Puzzling Stack Exchange is a question and answer site for those who create, solve, and study puzzles. It only takes a minute to sign up.
Sign up to join this community
Let's have the following sums of fractions.
$\frac{36020}{7203}+ \frac{36025}{7204}+ \frac{36030}{7205}+ \frac{36035}{7206}+ \frac{36040}{7207}+ \frac{36045}{7208}=F$
$\frac{15363}{5120}+ \frac{15366}{5121}+ \frac{15369}{5122}+ \frac{15372}{5123}+ \frac{15375}{5124}+ \frac{15378}{5125}=K$
The sums of these fractions are equal to the the irrational numbers $F,K$ up to the tenth decimal.
Can you find the little trick required to express these irrationals $F,K$ in a closed form?
Let's deal with the general case that covers both Vassilis's previous question along similar lines and this one, and consider $\sum_{i=0}^{k-1}\frac{n(a+i+1)}{a+i}$. This is $k$ times the arithmetic mean of the fractions involved, which is very close to $k$ times their geometric mean, which is $kn\left(\prod_{i=0}^{k-1}\frac{ a+i+1}{a+i}\right)^{1/k}$, which telescopes to give $kn\bigl(\frac{a+k}{a}\bigr)^{1/k}$.

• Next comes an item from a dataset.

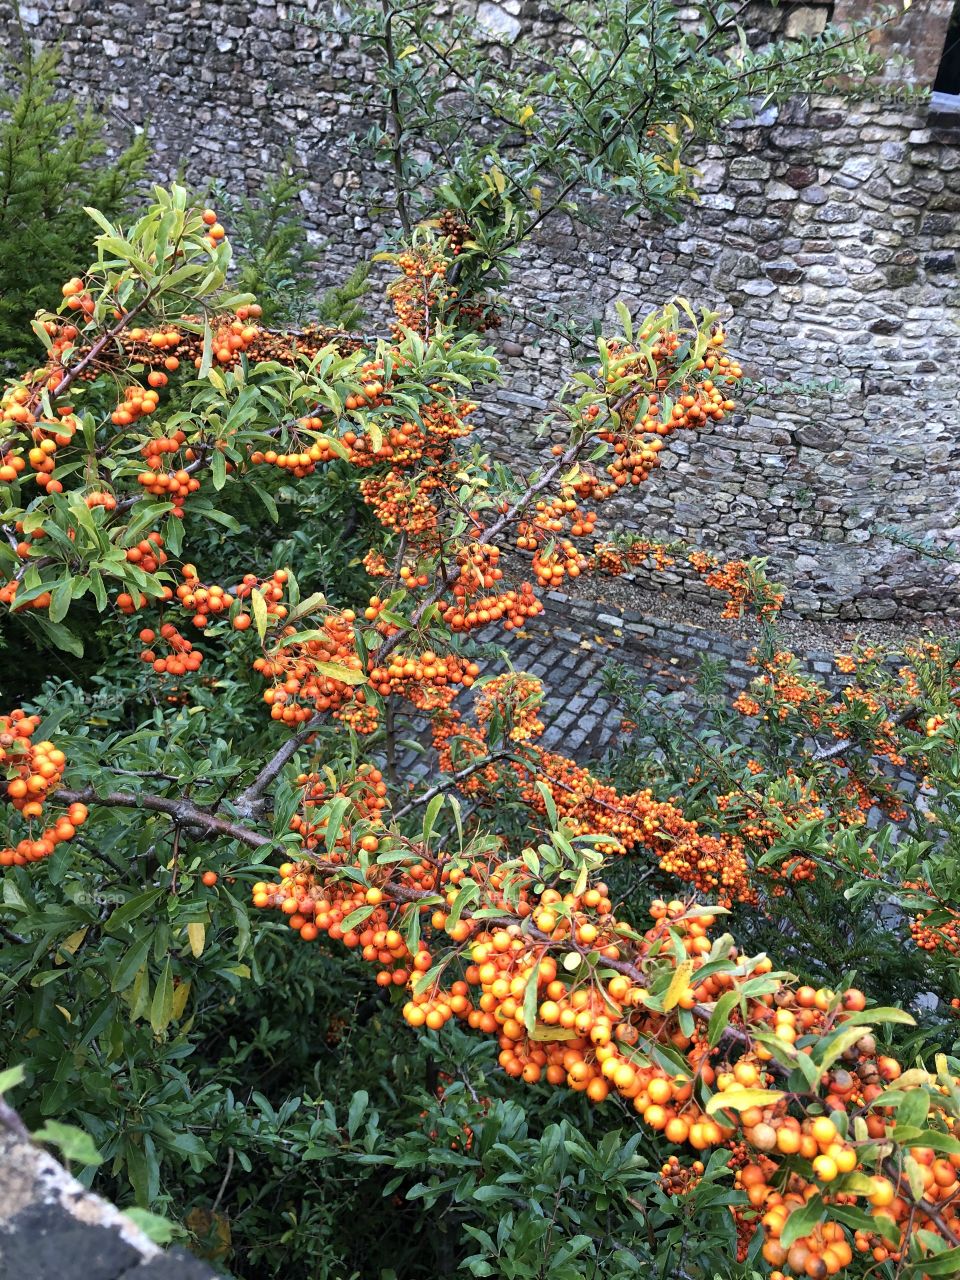 Some pretty impressive autumnal berries, found in the parish church of Ottery St Mary.

So in this case we have $F=30\root6\of{\frac{7209}{7203}}$ and $K=18\root6\of{\frac{5126}{5120}}$.
How good an approximation is this? Those fractions are approximately equally spaced. The largest minus the smallest is $\frac{n(a+1)}{a}-\frac{n(a+k)}{a+k-1}=\frac{k-1}{a(a+k-1)}\simeq\frac{nk}{m^2}$ where $m$ is the "middle" denominator; and the value in the middle is close to $n$. So the relative error is about the same as you'd get by using $\exp\frac{1}{2h}\int_{1-h}^{1+h}\log t\,dt$ as an approximation to $1=\frac1{2h}\int_{1-h}^{1+h}t\,dt$ where $h=\frac{k}{2m^2}$. A bit of calculation with Taylor series shows that that error is about $\frac16h^2$ so our relative error should be on the order of $\frac{k^2}{24m^4}$. E.g., in the case of quantity $F$ this is about $\frac{6^2}{24\cdot7200^4}\simeq1.7\times10^{-14}$; the actual relative error is about $2.1\times10^{-14}$, so we've got the order of magnitude right.

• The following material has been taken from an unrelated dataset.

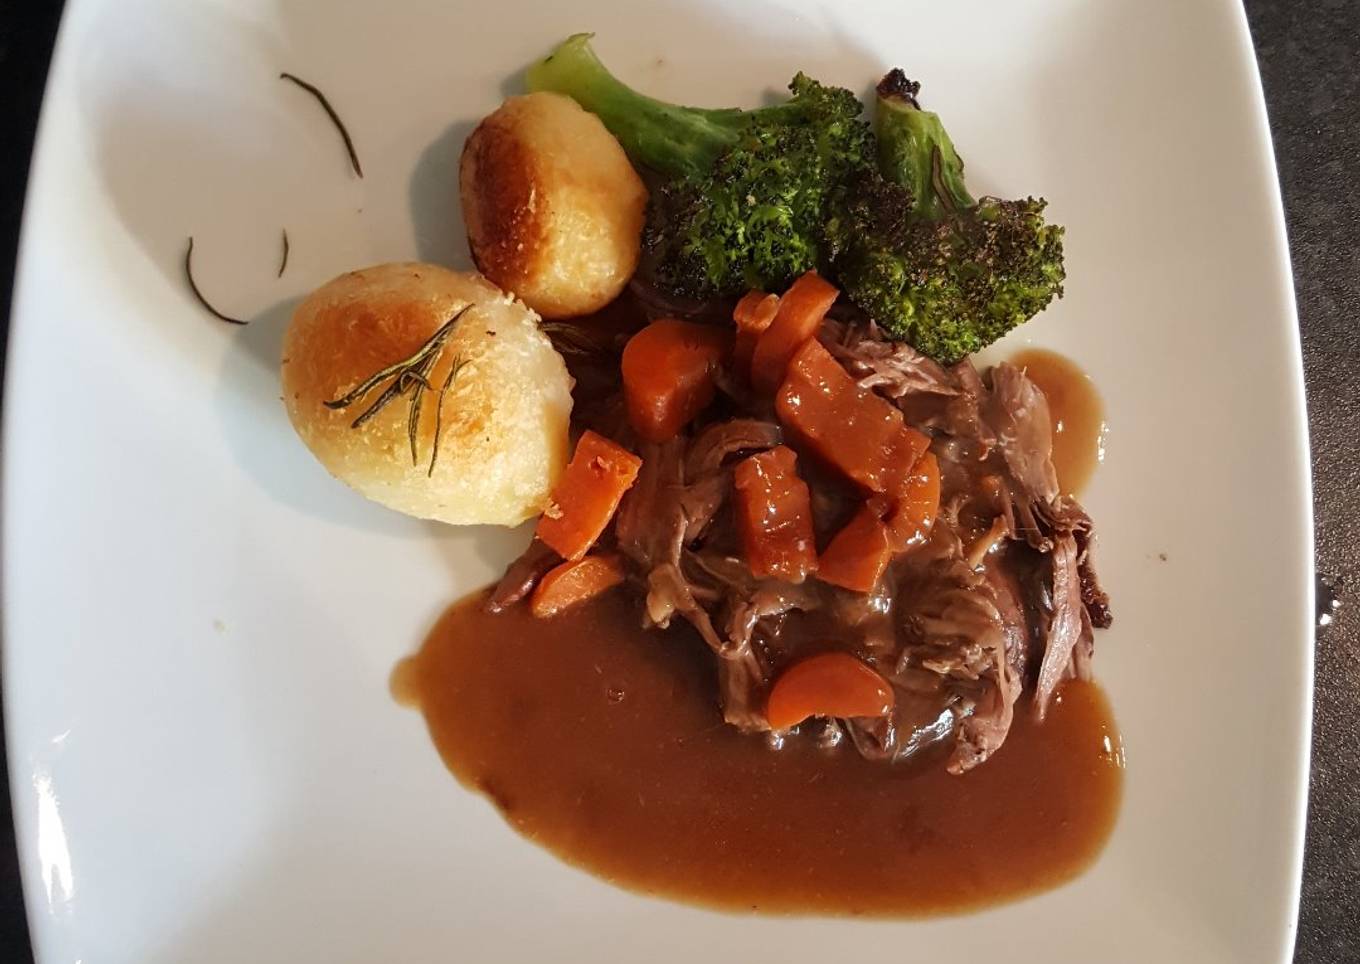 Slow Cooked Shredded Beef. Roast Spuds and Roasted Broccoli

Another way of looking at it, which may be more generally useful: if you have a bunch of quantities all close to one another, WLOG they're all close to 1; then AM minus GM equals $\left(1+\frac1n\sum\varepsilon_i\right)-\left(\exp\frac1n\sum\log(1+\varepsilon_i)\right)$ which to the first order that doesn't cancel out equals $\frac12\frac1n\sum\varepsilon_i^2$; that is, half the variance. And now we can finish the job as above by saying that the variance of the numbers in an AP is approximately that of a corresponding uniform distribution.